Переломным моментом в процессе «преодоления прошлого» в ФРГ стали студенческие волнения конца 1960-х годов. Но и так называемых «шестидесятников»12 интересовал прежде всего вопрос преемственности кадров и «фашизоидных структур» внутри ФРГ, переживших Третий рейх, а не война на уничтожение, которая велась в Восточной Европе. Вилли Брандт в своей телевизионной речи по поводу подписания договора между ФРГ и СССР в Москве в 1970 году не нашел слов примирения по отношению к советскому народу, подобных символическому коленопреклонению перед памятником узникам Варшавского гетто. И даже в 1985 году во время «спора историков» представители консервативного крыла в очередной раз указывали на «невиновного немецкого солдата на Восточном фронте, пострадавшего ради защиты женщин и детей от азиатского варварства»13.

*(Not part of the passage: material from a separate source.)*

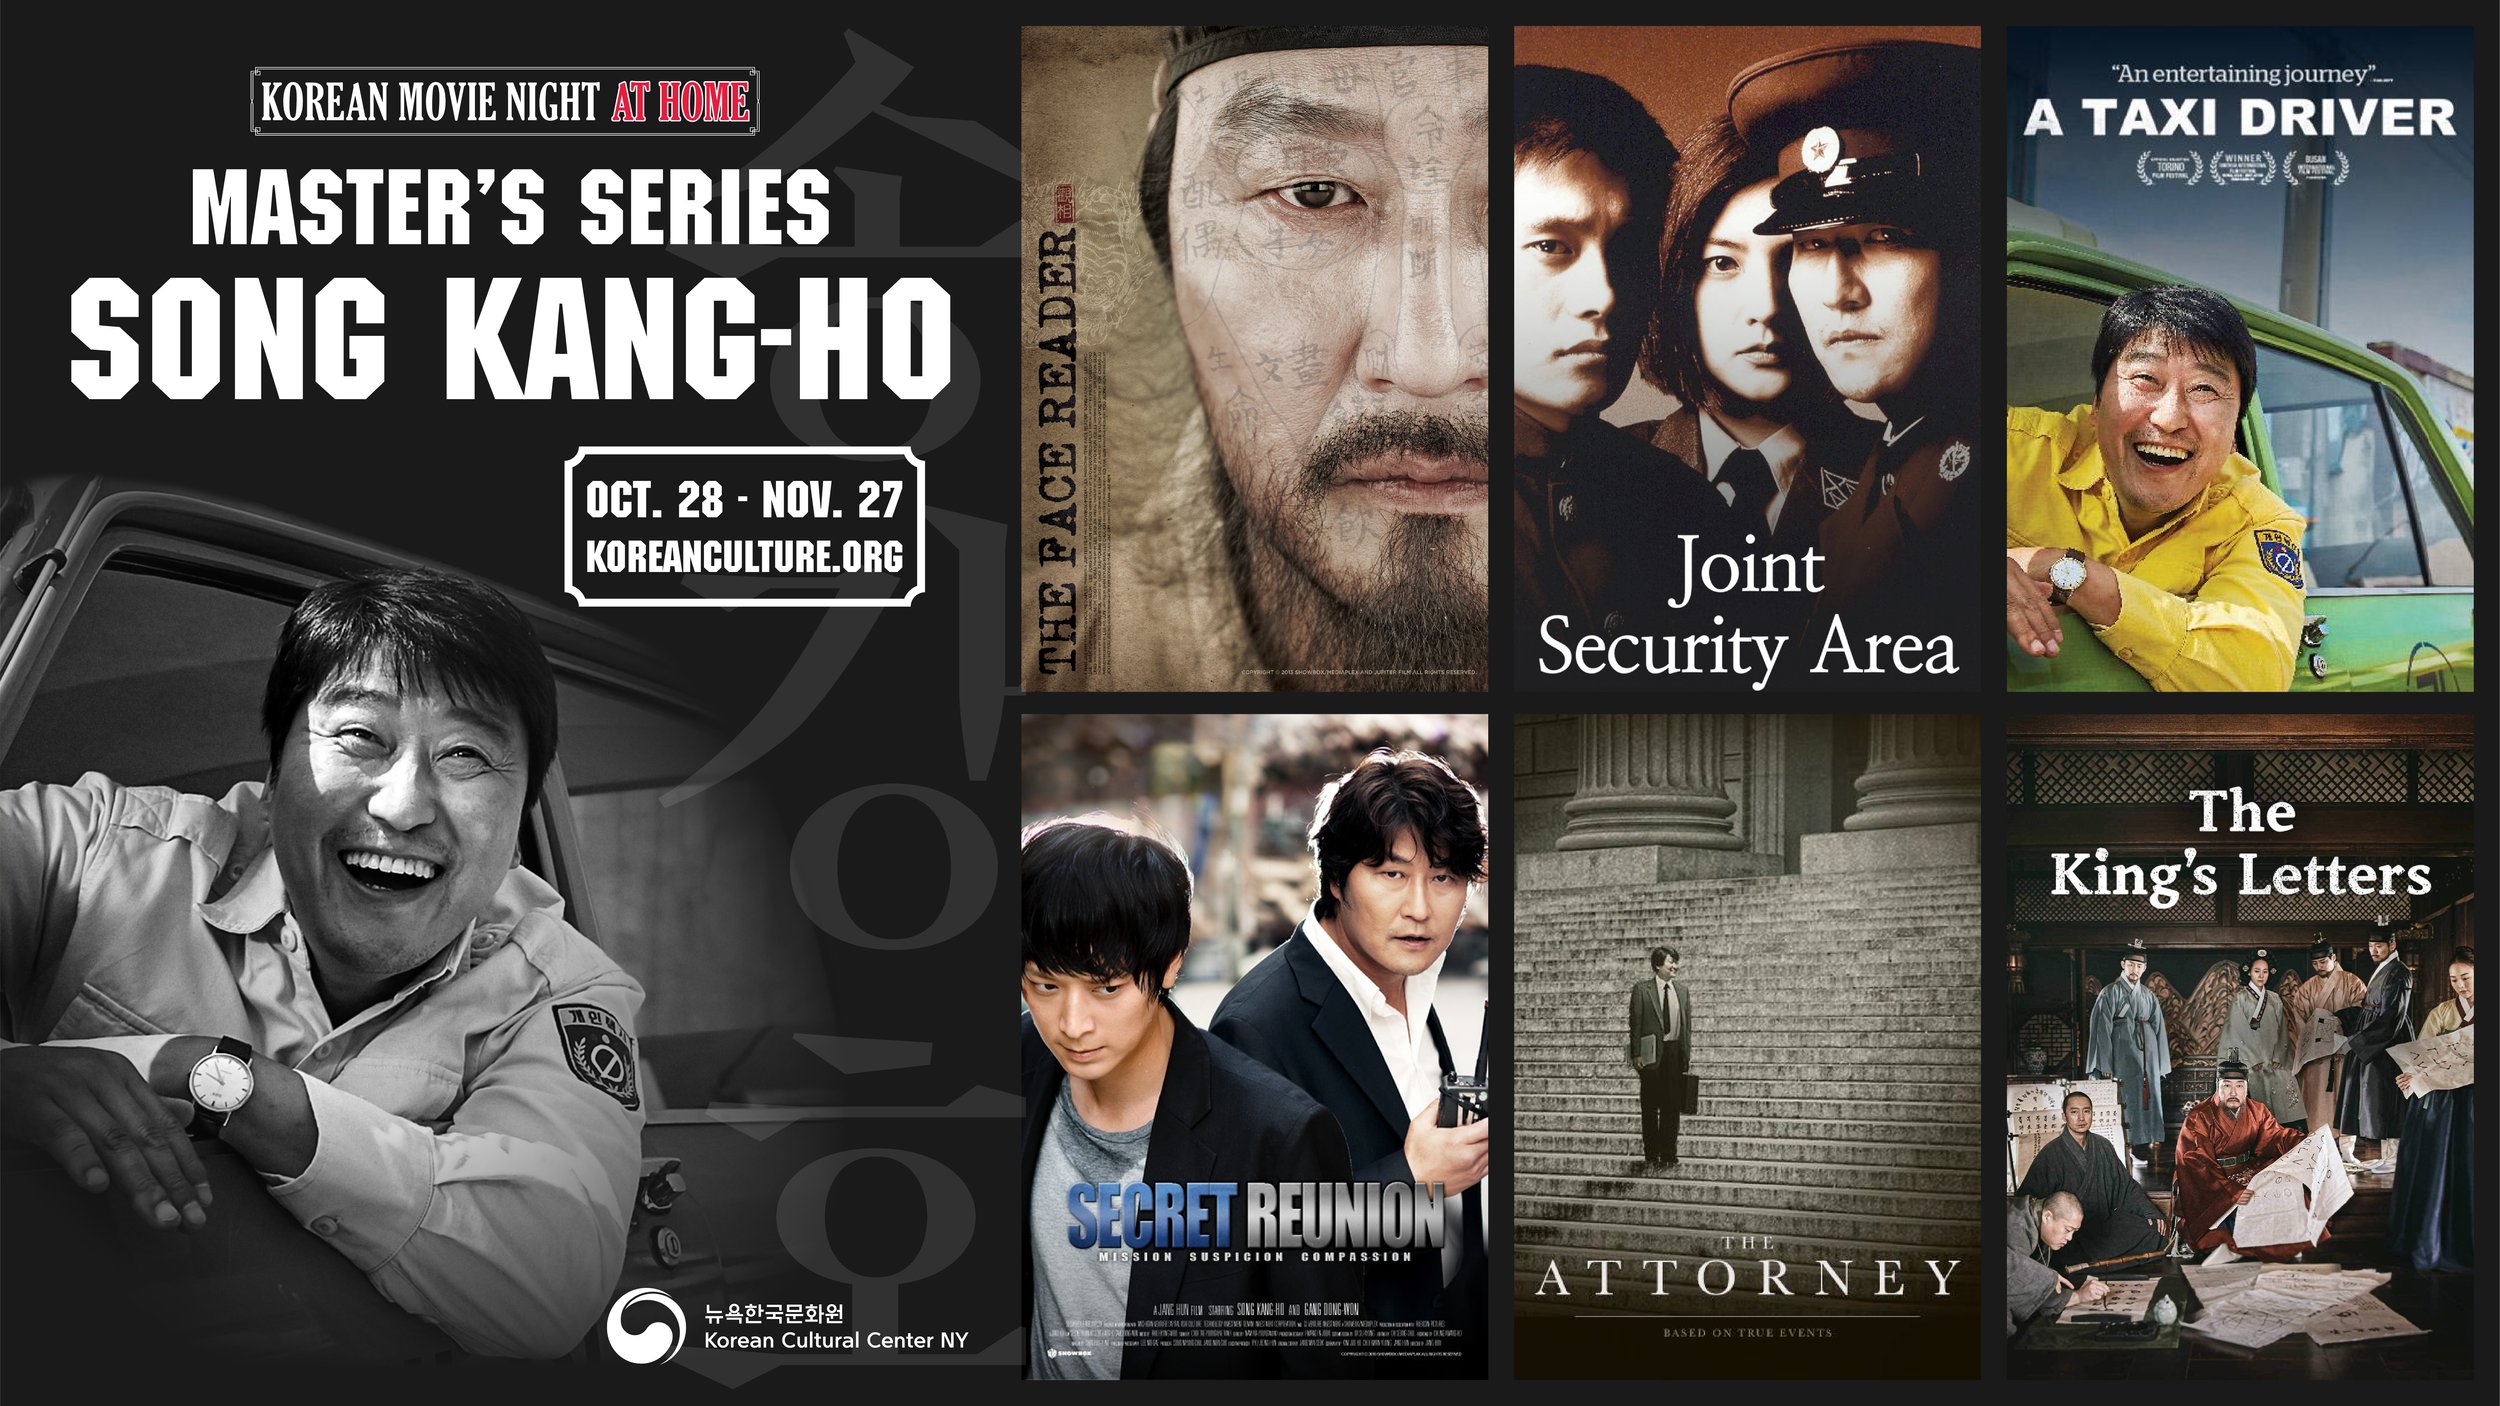 Masters Series Actor Song Kang-ho — Korean Cultural Center New York

В литературе этого периода война против СССР перестала играть главную роль. Исключением стал роман «Групповой портрет с дамой» (1971) Генриха Бёлля, в котором тема войны на Восточном фронте затрагивается косвенно. В центре повествования находится любовная связь между главной героиней Лени Пфайфер и советским военнопленным Борисом Колтовским. К моменту публикации романа в 1971 году, в атмосфере напряженных отношений между двумя блоками, выбор главным героем советского военнопленного был воспринят как провокация. Одним из первых в ФРГ Бёлль обратил внимание на судьбу военнопленных и угнанных на принудительные работы советских граждан. «Групповой портрет с дамой» стал выражением идеи примирения с Советским Союзом, не случайно центральное место в романе занимает любовь Лени и Бориса. Борис интересуется немецкой литературой и выступает против нацистов, а славист доктор Шольсдорф является защитником русской классики и противником нацизма. Бёлль был уверен, что взаимопонимание возможно и что литература играет в процессе примирения важную роль.
В западногерманской послевоенной литературе наблюдается тем не менее следующий парадокс: в произведениях, которые считаются образцами разработки темы нацизма, война редко присутствует, как, например, в романах Гюнтера Грасса, Зигфрида Ленца или Кристы Вольф. Она остается «за кадром», является своего рода занавесом, перед которым разворачиваются другие драмы. Историк Ян Бурума назвал «Жестяной барабан» Грасса «самой знаменитой художественной хроникой Второй мировой войны»14. Что довольно странно, поскольку в «военной хронике» сама война практически не упоминается. В романах о национал-социализме война на уничтожение второстепенна, в то время как в романах о войне зачастую отсутствует тема нацистской идеологии.
В ГДР войне против СССР, напротив, уделялось особое внимание. По отношению к СССР ГДР взяла на себя полную материальную и частично моральную ответственность, насколько это было возможно в рамках антифашистского мифа, лежащего в основе образования ГДР как самостоятельного государства. Ответственных за военные преступления, согласно официальной риторике, следовало, однако, искать исключительно в Западной Германии. Восточный фронт понимался как «главнейший фронт военной классовой борьбы», а советский плен — как первый этап на пути выработки антифашистских убеждений и установления дружеских отношений между немецким и советским народами. Тема «перевоспитания» в советском лагере для военнопленных была очень популярна в литературе ГДР, в качестве примера можно привести роман Херберта Отто «Ложь» (1956), в котором автор описал преображение своей личности в советском лагере для военнопленных на Урале. Несмотря на радикальное осуждение идеологии национал-социализма, подобные романы только в очень редких случаях соответствовали реальному жизненному опыту его читателей.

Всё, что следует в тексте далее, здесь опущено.